*** Block opens ***
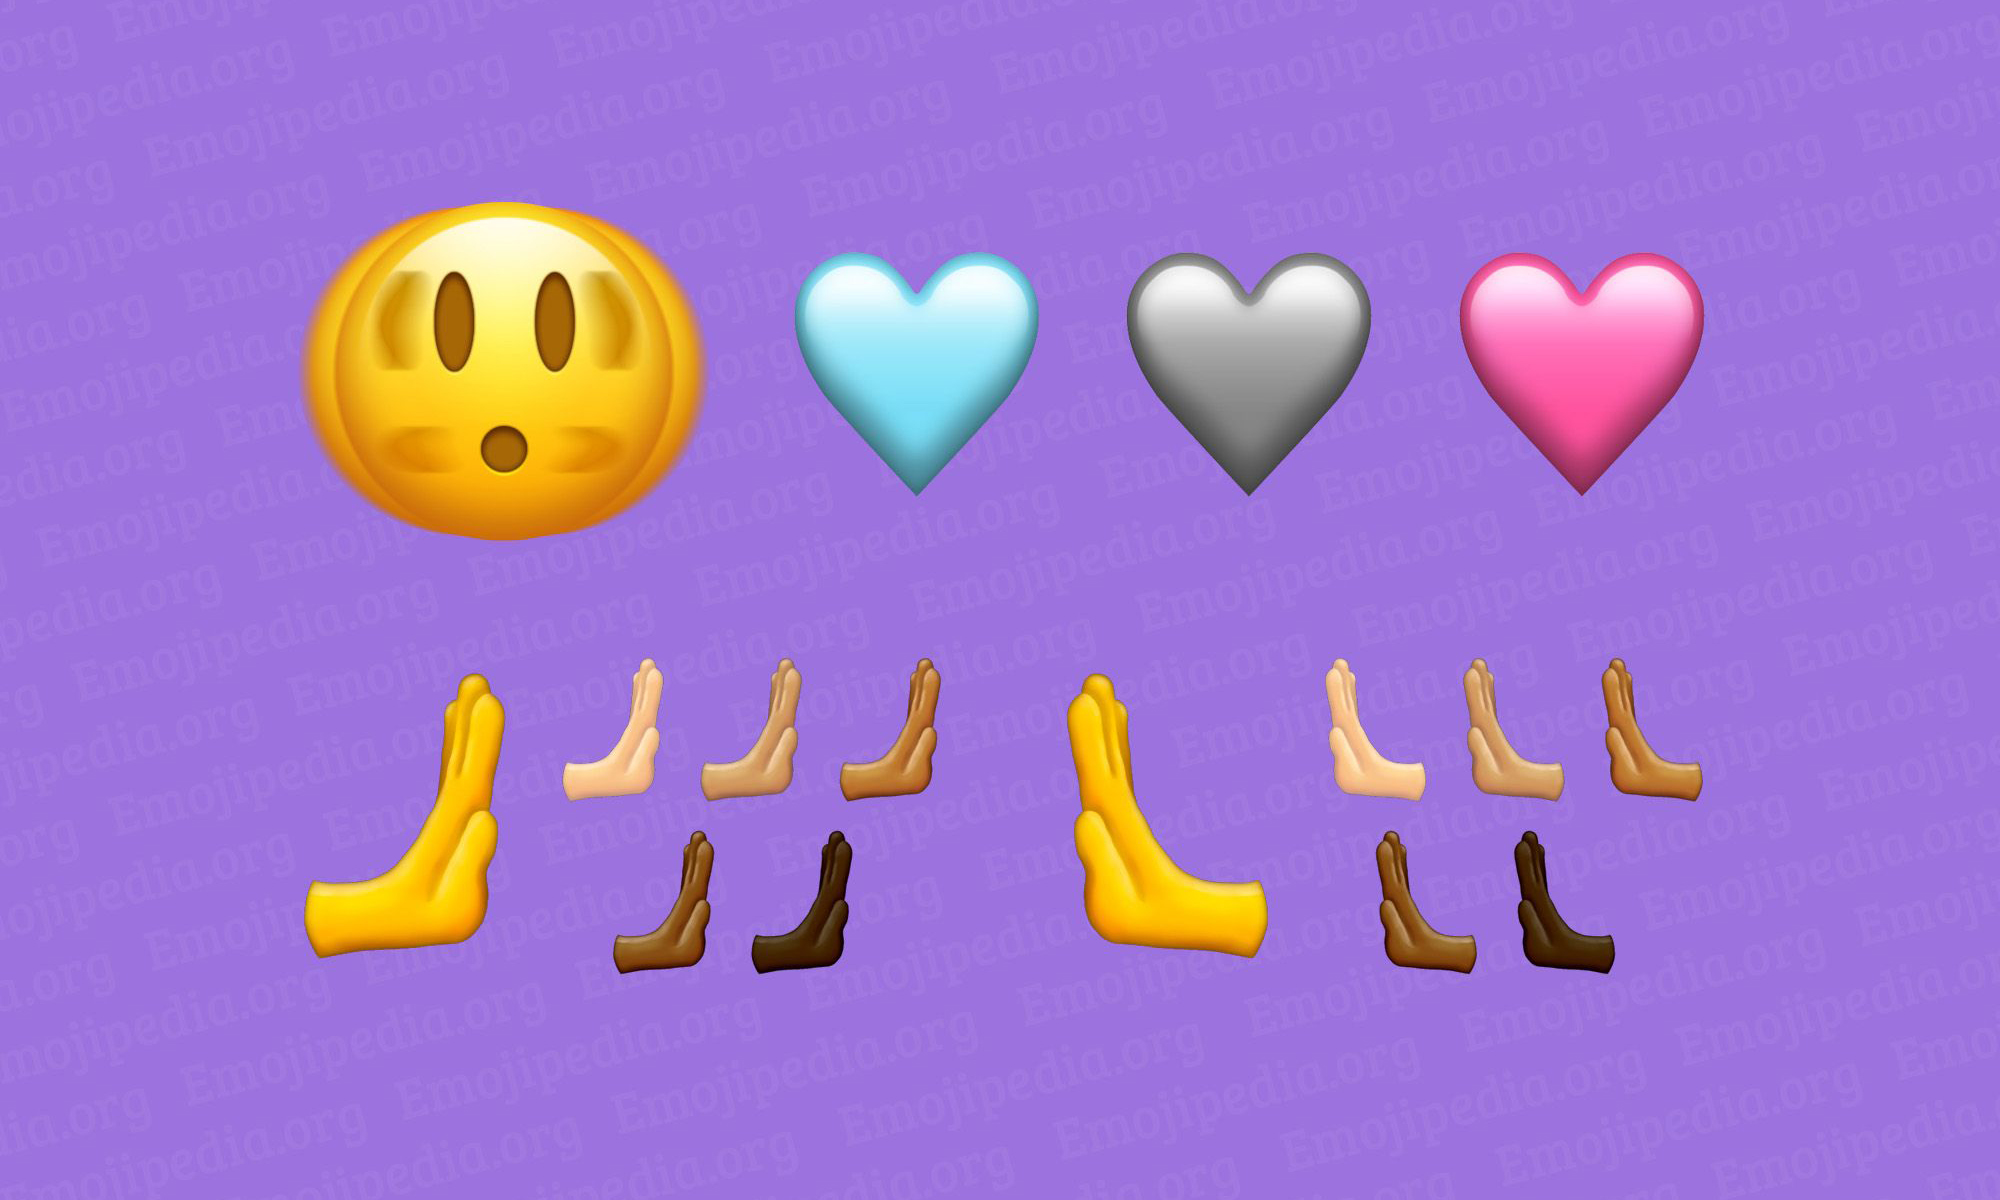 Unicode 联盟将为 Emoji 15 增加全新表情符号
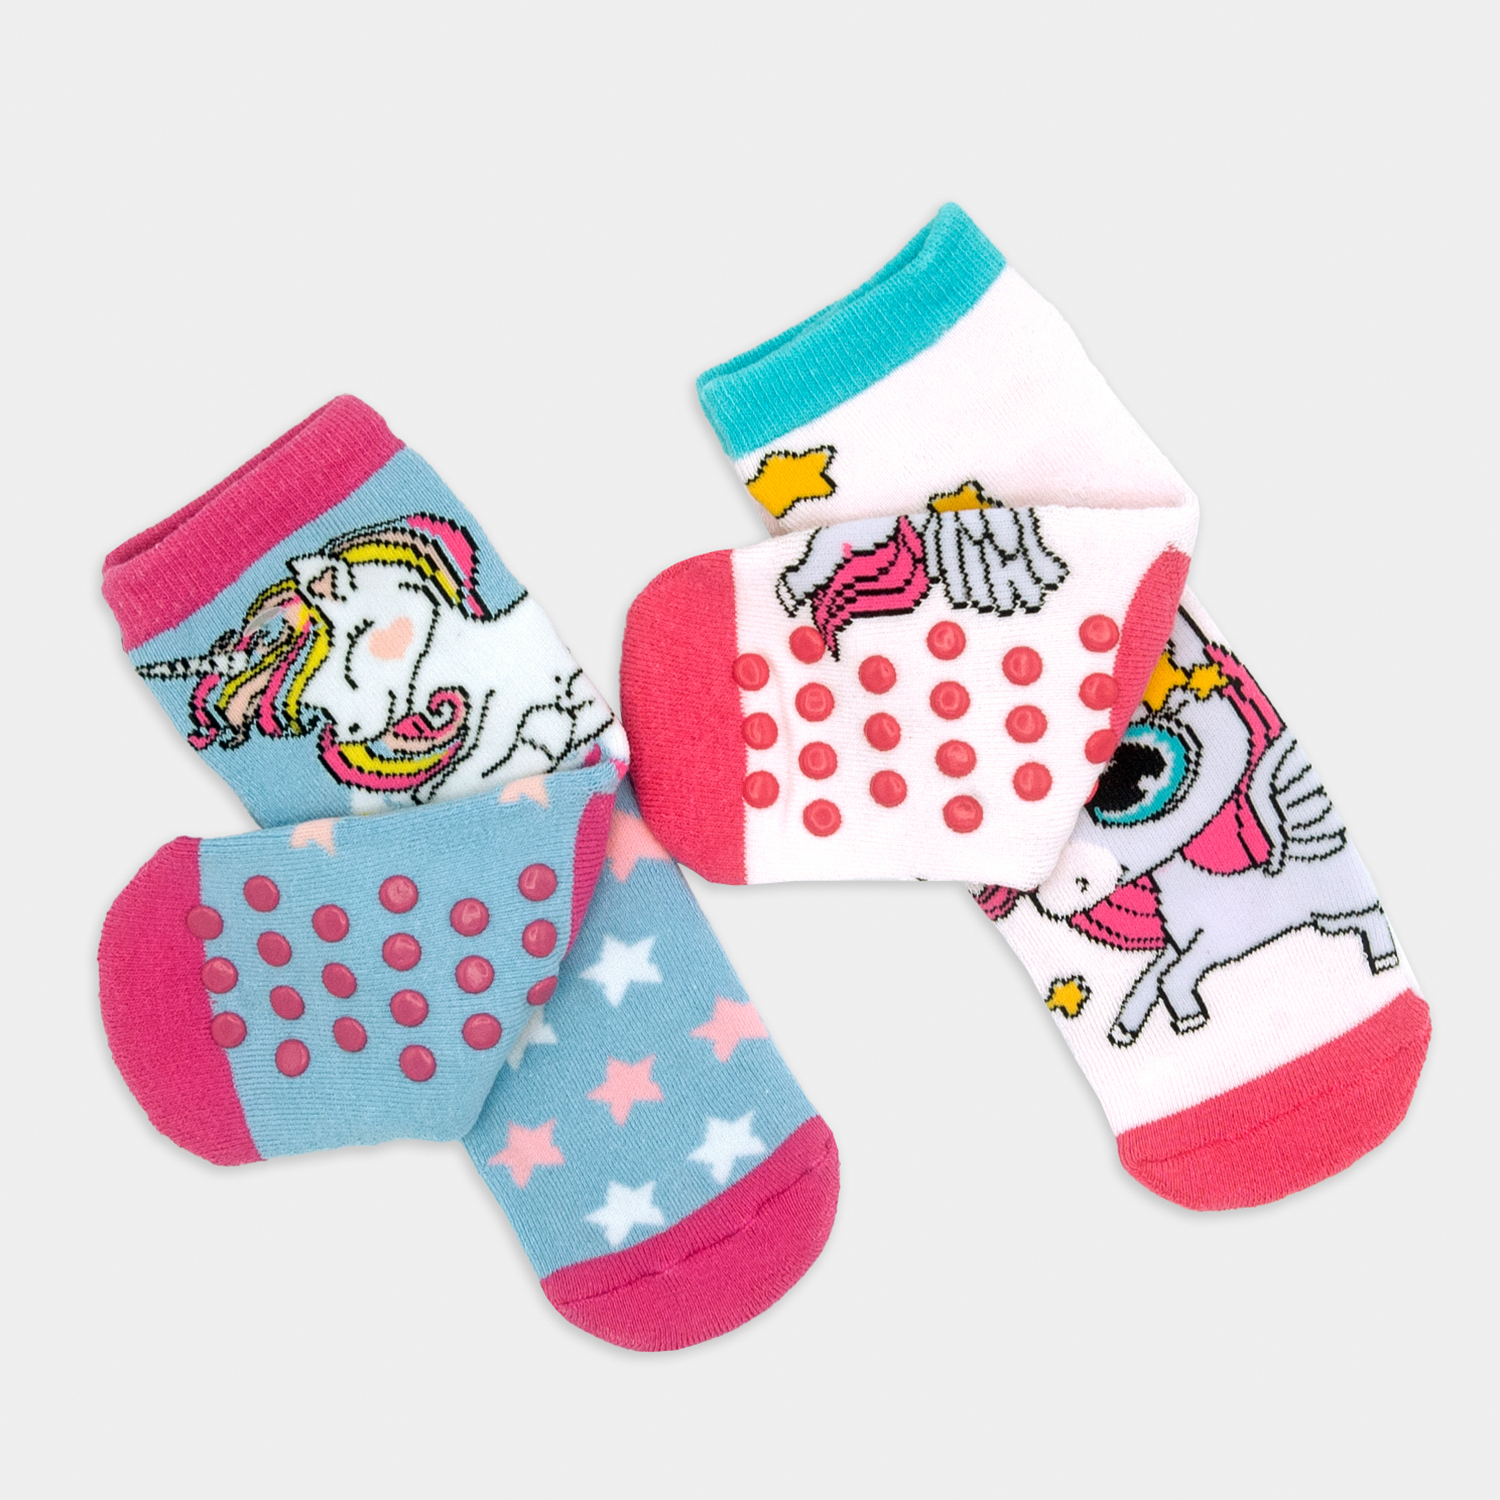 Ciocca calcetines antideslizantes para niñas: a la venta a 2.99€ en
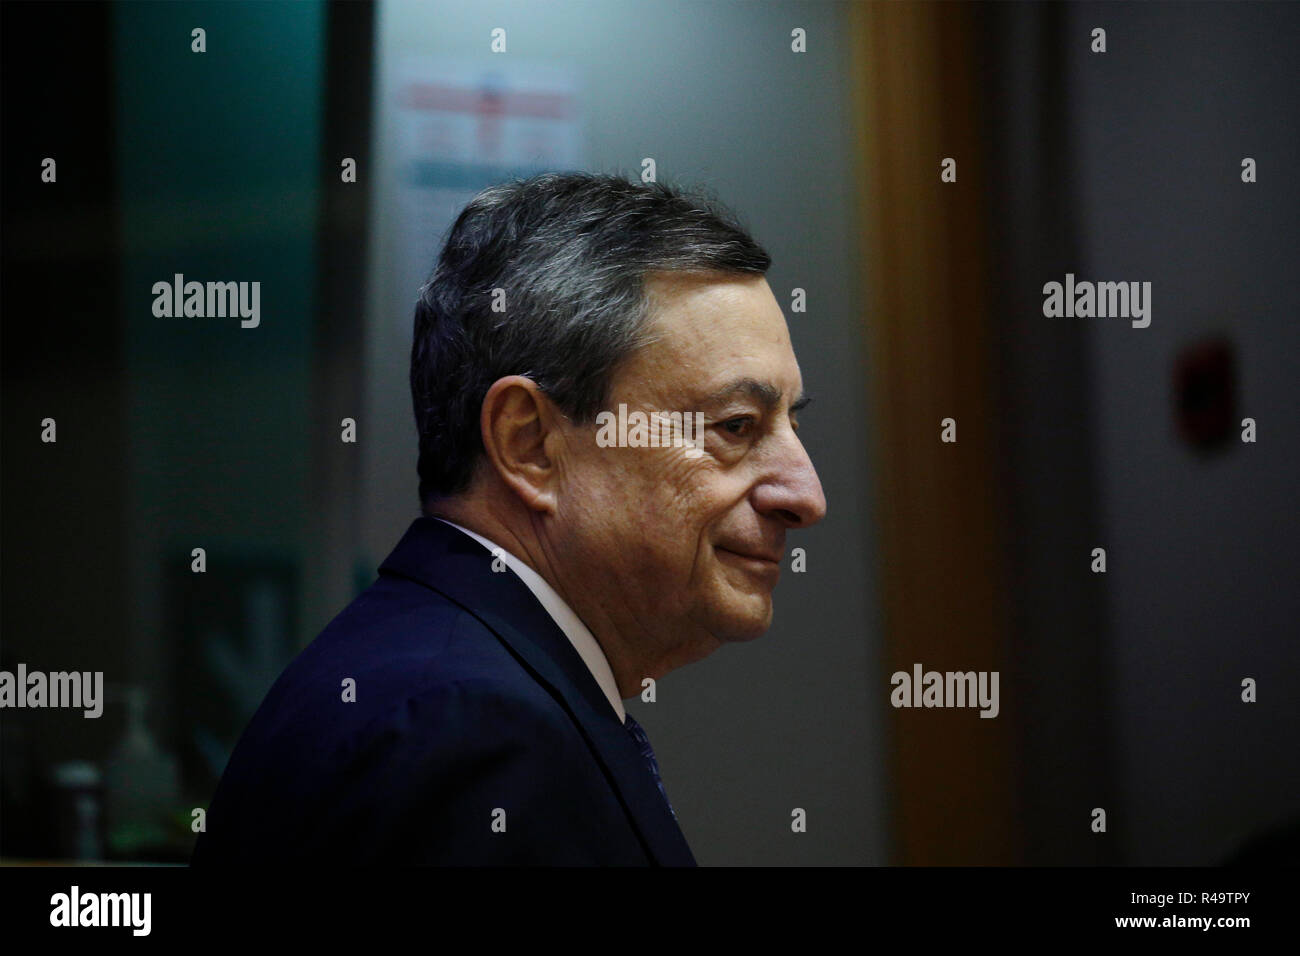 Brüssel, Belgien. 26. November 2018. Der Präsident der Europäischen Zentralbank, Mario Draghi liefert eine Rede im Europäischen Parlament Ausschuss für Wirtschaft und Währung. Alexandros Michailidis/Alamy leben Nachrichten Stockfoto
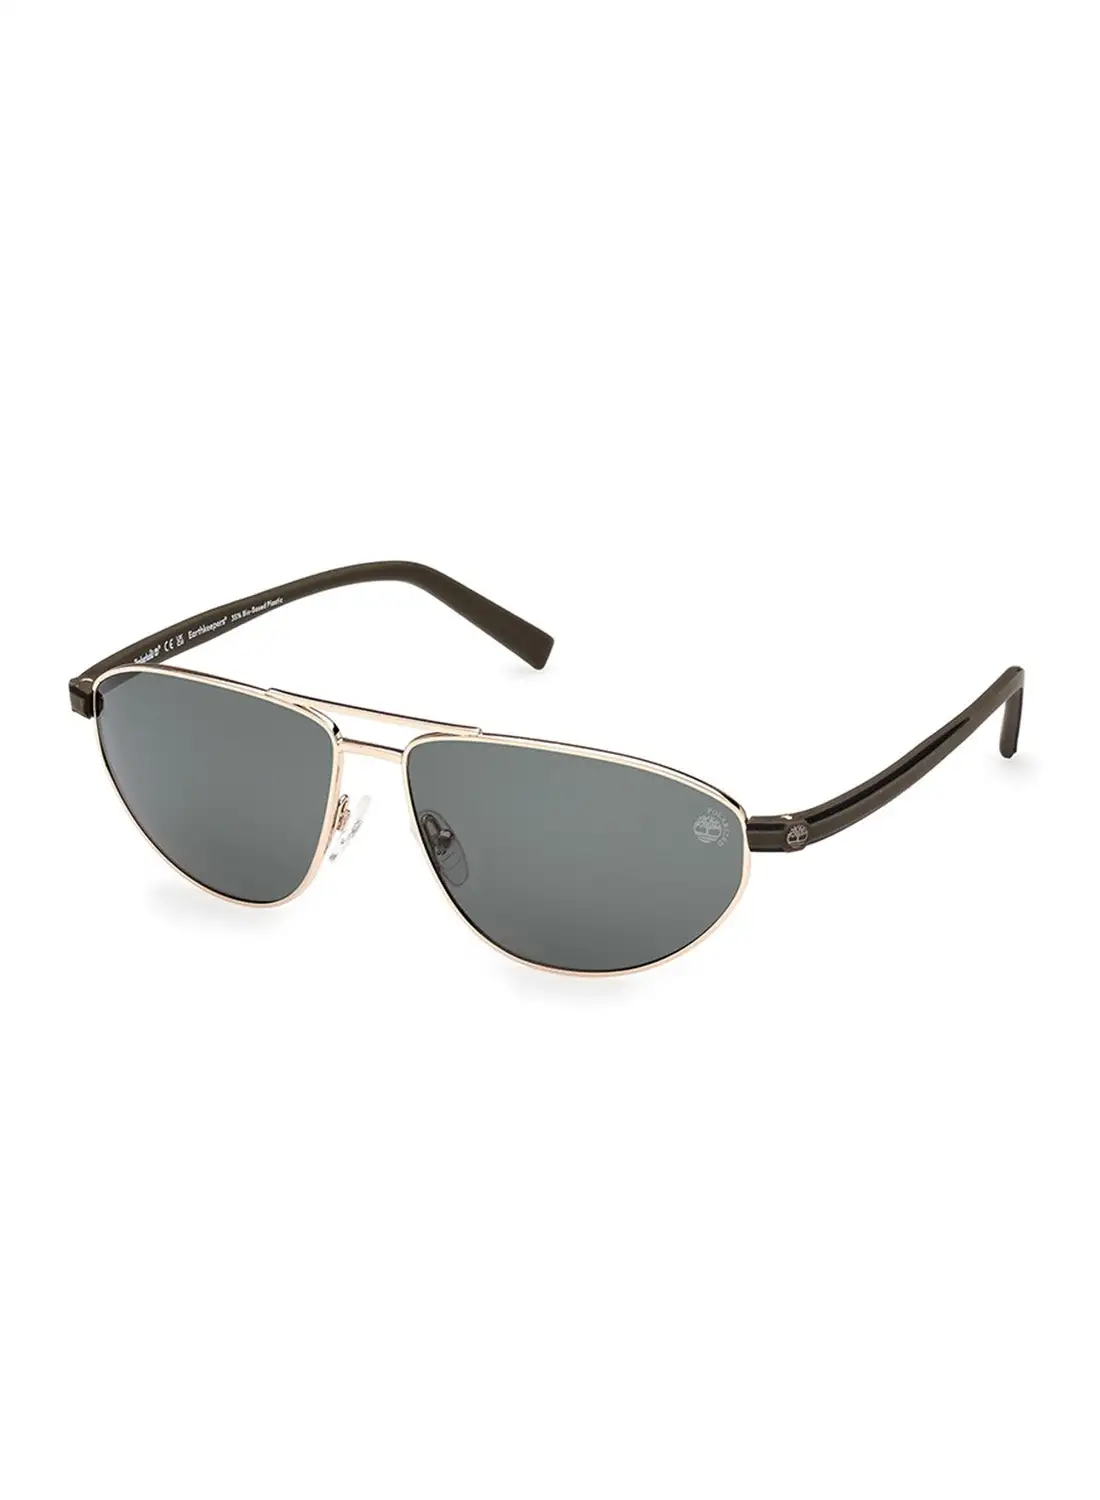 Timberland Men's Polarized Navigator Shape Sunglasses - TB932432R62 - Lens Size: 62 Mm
*** Block closes ***
TASK BRIEF >>
Output a verbatim copy of the lines from the line containing "Brüssel, Belgien. 26." through the end of the data, both included, without any images.

RESPONSE TO THIS TASK >>
 Brüssel, Belgien. 26. November 2018. Der Präsident der Europäischen Zentralbank, Mario Draghi liefert eine Rede im Europäischen Parlament Ausschuss für Wirtschaft und Währung. Alexandros Michailidis/Alamy leben Nachrichten Stockfoto
 Timberland Men's Polarized Navigator Shape Sunglasses - TB932432R62 - Lens Size: 62 Mm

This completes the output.